# Iron Chef Women Warriors



## jenni belle (Mar 10, 2005)

Anybody catch these battles last night? Very interesting. I was particularly impressed with Anita Lo. (Batali isn't my favorite, so I thought it was great when she won!) I would have loved to try some of those dishes. Especially those smoked porcinis...okay everything she prepared. 

And what do you think of the new Iron Chef, Cat Cora? I think once she gets a little more familiar with IC rules and timelines, she's really going to blossom! 

It did annoy me that on two consecutive battles there were faulty appliance problems. You'd think they'd look into fixing that the first time.


----------



## mezzaluna (Aug 29, 2000)

I missed the battle with Anita Lo but caught Cat's battle. Once I learned that her background was Greek, I expected a phyllo dish and wasn't surprised to see a version of moussaka. The skordalia as a side dish was kind of a shock; I've seen that only as a sauce/accompaniment to fried fish. Those baby octopi even looked tough; they should have been heated for about a minute or two, not left steaming as they were. (I was taught to cook octopus and squid either very briefly or for a long time.)

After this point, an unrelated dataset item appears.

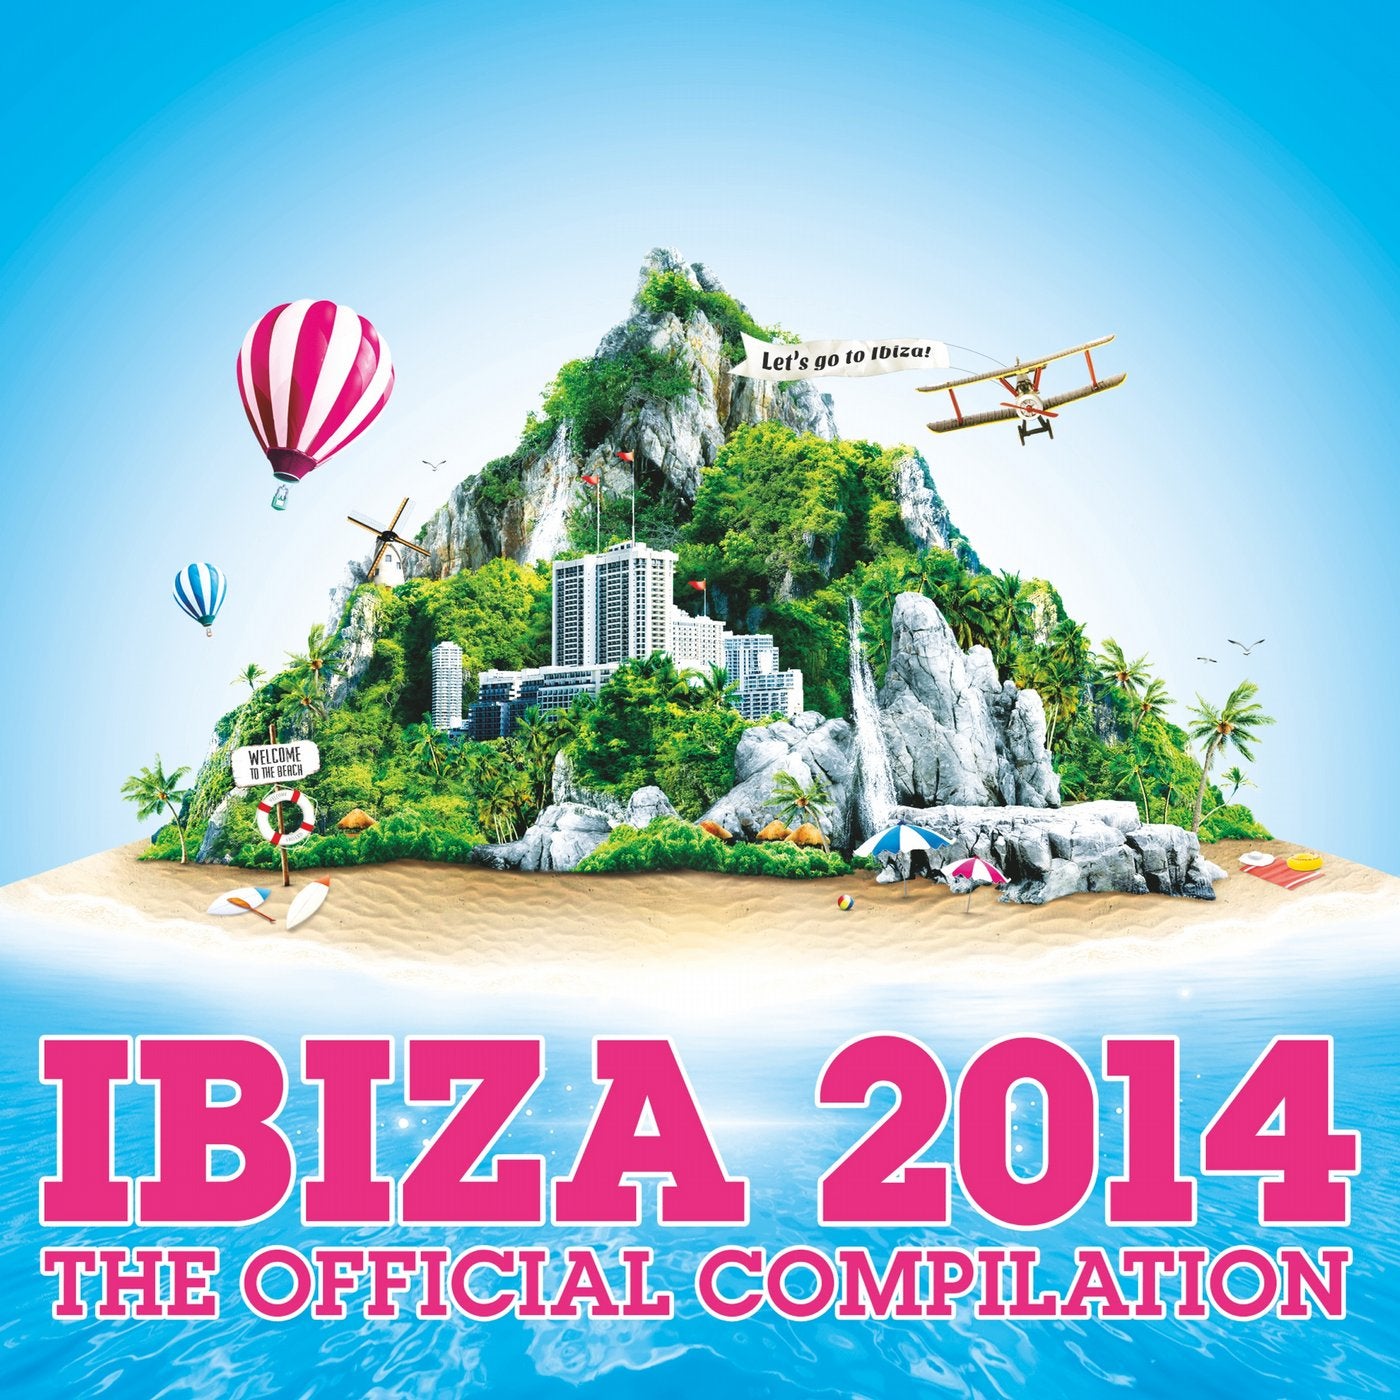 Ibiza 2014 - The Official Compilation

That said, I agree: she'll be up to the challenge. She seemed to be completely in control. Let's see how things go once she's run through the familiar Greek recipes. I'm pretty sure she'll be very entertaining and interesting.


----------



## nicko (Oct 5, 2001)

I saw the battle with Cat and I thought it was great to see a female iron chef, and hopefully in the future there will be more. At first I was suprised to see her knowing about her only from the kitchen design show she does on the food show but after watching her she defiantely knows her stuff. Good battle.


----------